In September 2022, the Juno space probe visited Europa during its 45th perijove (i.e. closest approach to Jupiter). During this flyby, Juno imaged the Jupiter-facing side of Europa in true color and at high resolution. Callanish appeared as a distinctive oval spot in Juno's imagery.

=== Future Missions ===
Two space probes are currently en route to Europa.
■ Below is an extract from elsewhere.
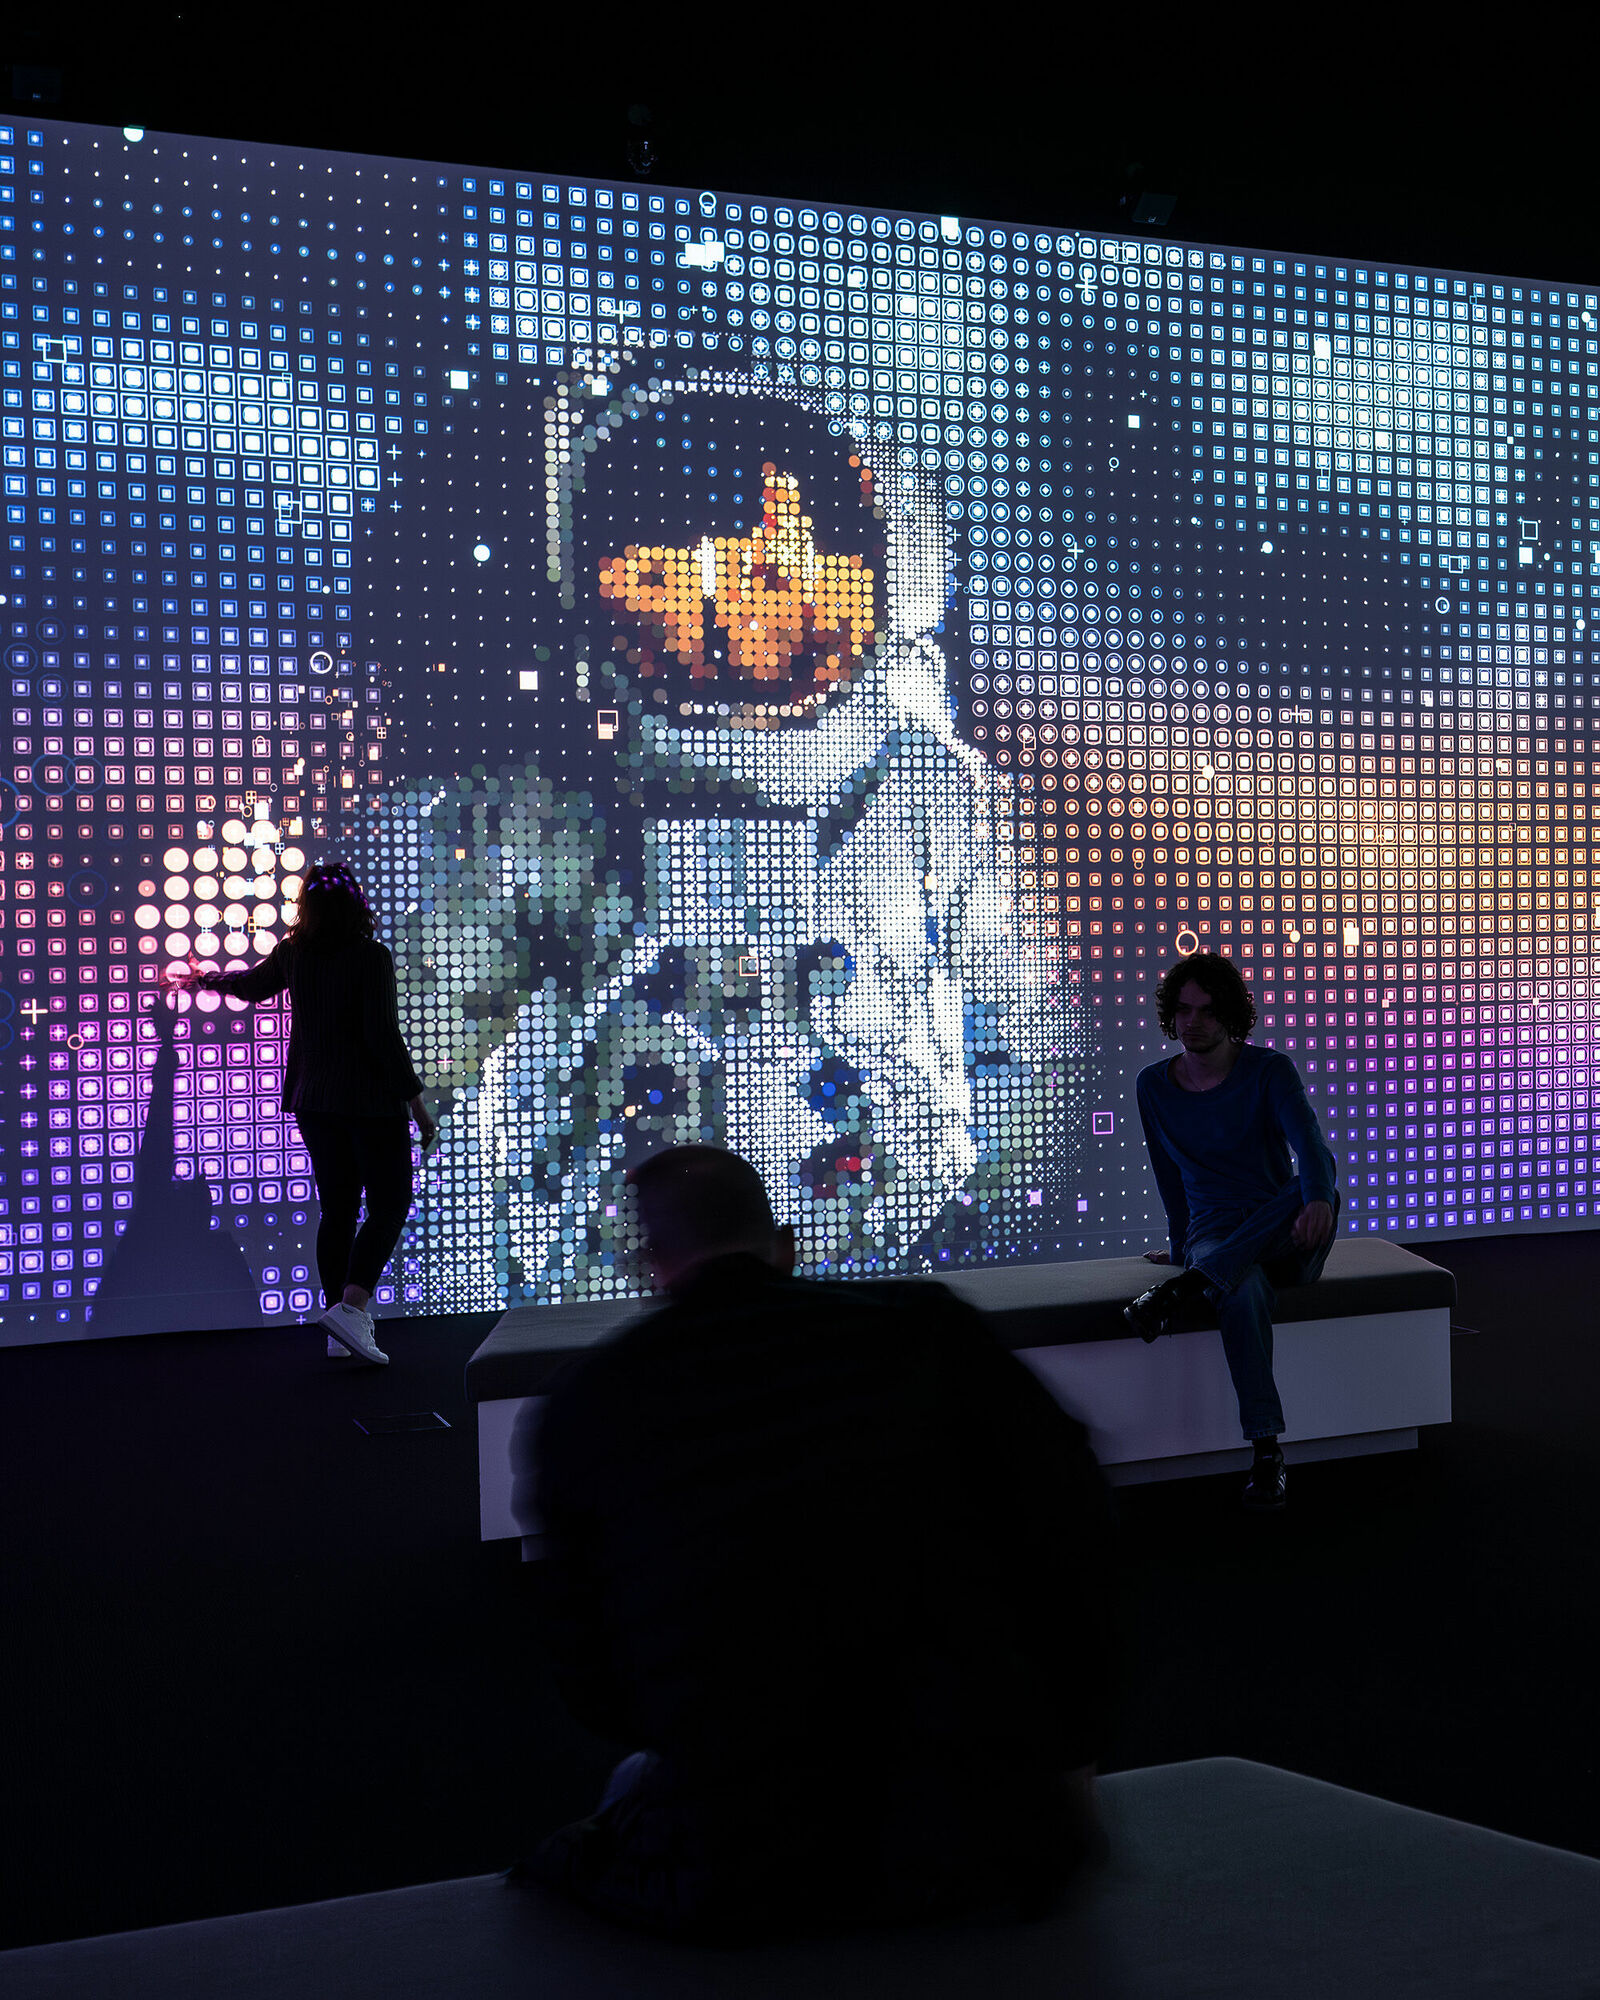 Visitors view a large wall display with pixelated depictions of an astronaut in space.

The first is NASA's Europa Clipper mission, which is scheduled to arrive at Jupiter in April 2030. The spacecraft will orbit Jupiter on a trajectory that allows it to conduct at least 49 close flybys of Europa, approaching to within 25 km of the moon's surface. Europa Clipper carries an ice-penetrating radar capable of probing Europa's ice shell, enabling investigations of both the surface features of Callanish and the subsurface structure beneath the crater. This information will provide planetary scientists with insights into the composition of Europa's subsurface and the response of its ice shell to meteoroid impacts.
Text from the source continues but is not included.